The work was supported by the National Natural Science Foundation of China, China (No. 51221001) and Graduate Starting Seed Fund of Northwestern Polytechnical University, China (No. Z2012023).
Abstract

Two-dimensional (2D) carbon/carbon (C/C) composites with multilayered texture, especially with different thickness of high-textured (HT) pyrocarbon layer, were prepared by isothermal, isobaric chemical vapor infiltration (CVI) technique. The influence of matrix microstructure on mechanical properties of C/C composites was investigated by polarized light microscopy, scanning electron microscopy and three-point bending test. The results show that the samples with multilayer-textured pyrocarbon matrix own a higher flexural strength than the one with pure medium-textured structure, which is attributed to multiple crack deflection and interfacial sliding between different textured pyrocarbon layers and between sub-layers within HT layer.

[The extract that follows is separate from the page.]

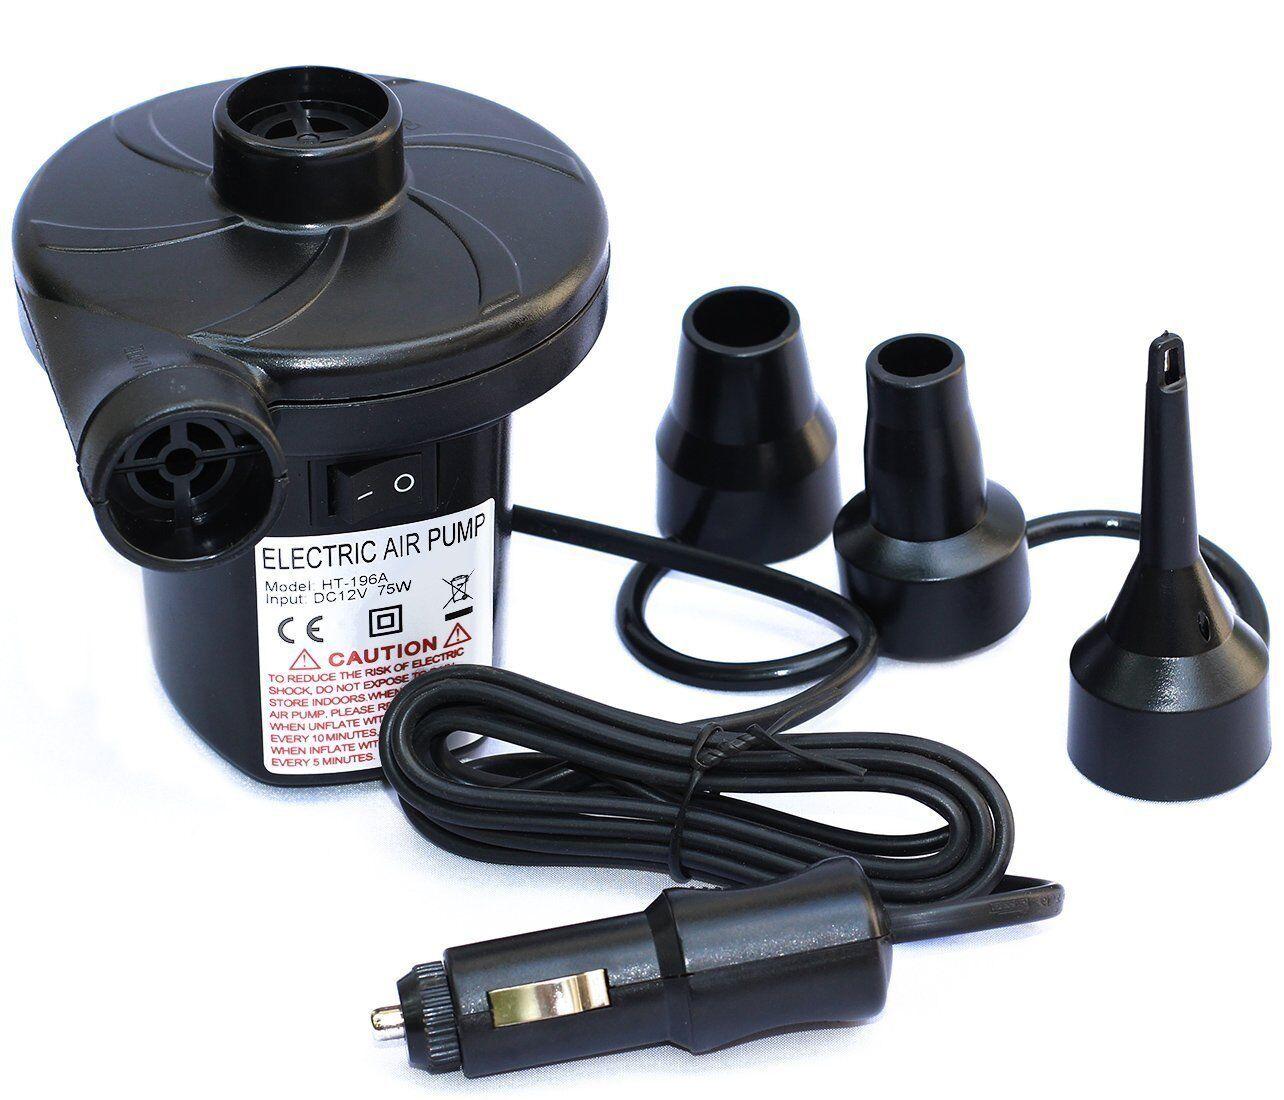 12V DC Electric Air Pump for Inflatables & Mattress

The increase in thickness of HT pyrocarbon layer improves the plasticity of the samples and renders the fracture in pseudo-plastic behavior.

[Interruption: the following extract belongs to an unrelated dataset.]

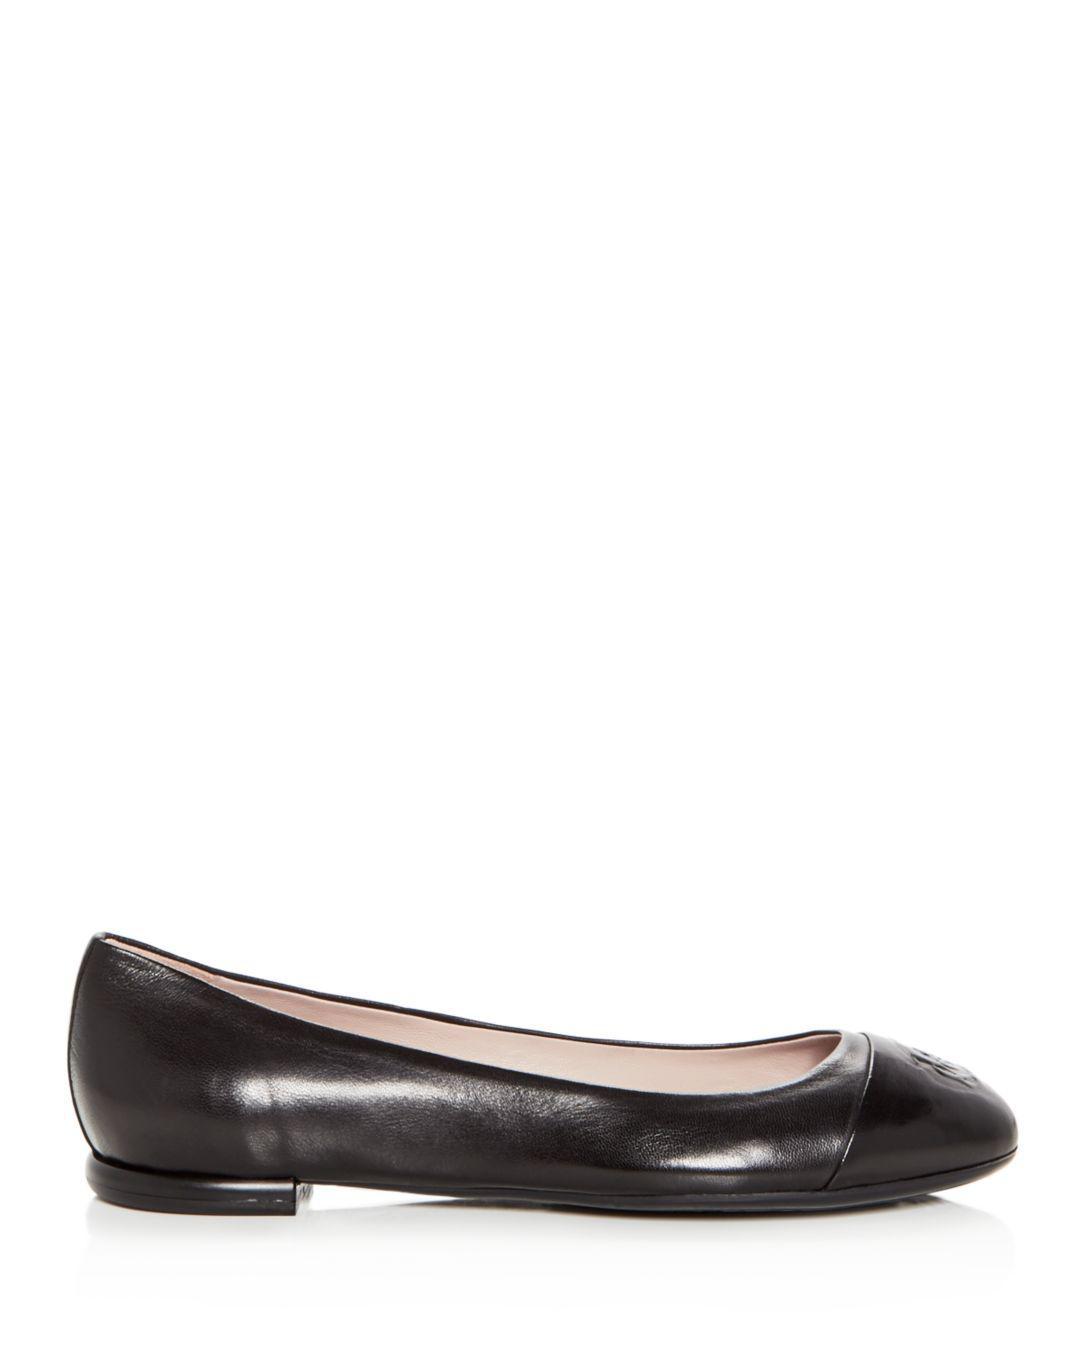 d16ed6eae68 Lyst - Taryn Rose Rosa Ballet Flat in Black - Save 58%

Keyword: Carbon/carbon composites; Mechanical properties; Fracture; Texture
1. Introduction

Carbon/carbon (C/C) composites are considered as one kind of promising structural materials for high temperature applications due to advantages of low density, good thermal conductivity, low thermal expansion coefficient, superior ablation performances and high specific strength and stiffness[1] and [2]. Especially, the mechanical properties of the C/C composites would be improved rather than deteriorated along with temperature increase up to 2200 ° C. Due to these excellent properties, C/C composites are widely applied in aviation and aerospace industries[3], [4], [5] and [6]. As known, carbon matrices of C/C composites are often fabricated by chemical vapor infiltration[7]. In general, the textures of pyrocarbon matrix are quantitatively classified into isotropic pyrocarbon (ISO, Ae = 0° ), low-textured pyrocarbon (LT, 0° < Ae ≤ 12° ), medium-textured pyrocarbon (MT, 12° < Ae ≤ 18° ) and high-textured pyrocarbon (HT, Ae ≥ 18° ) according to the extinction angle, Ae under polarized light [8].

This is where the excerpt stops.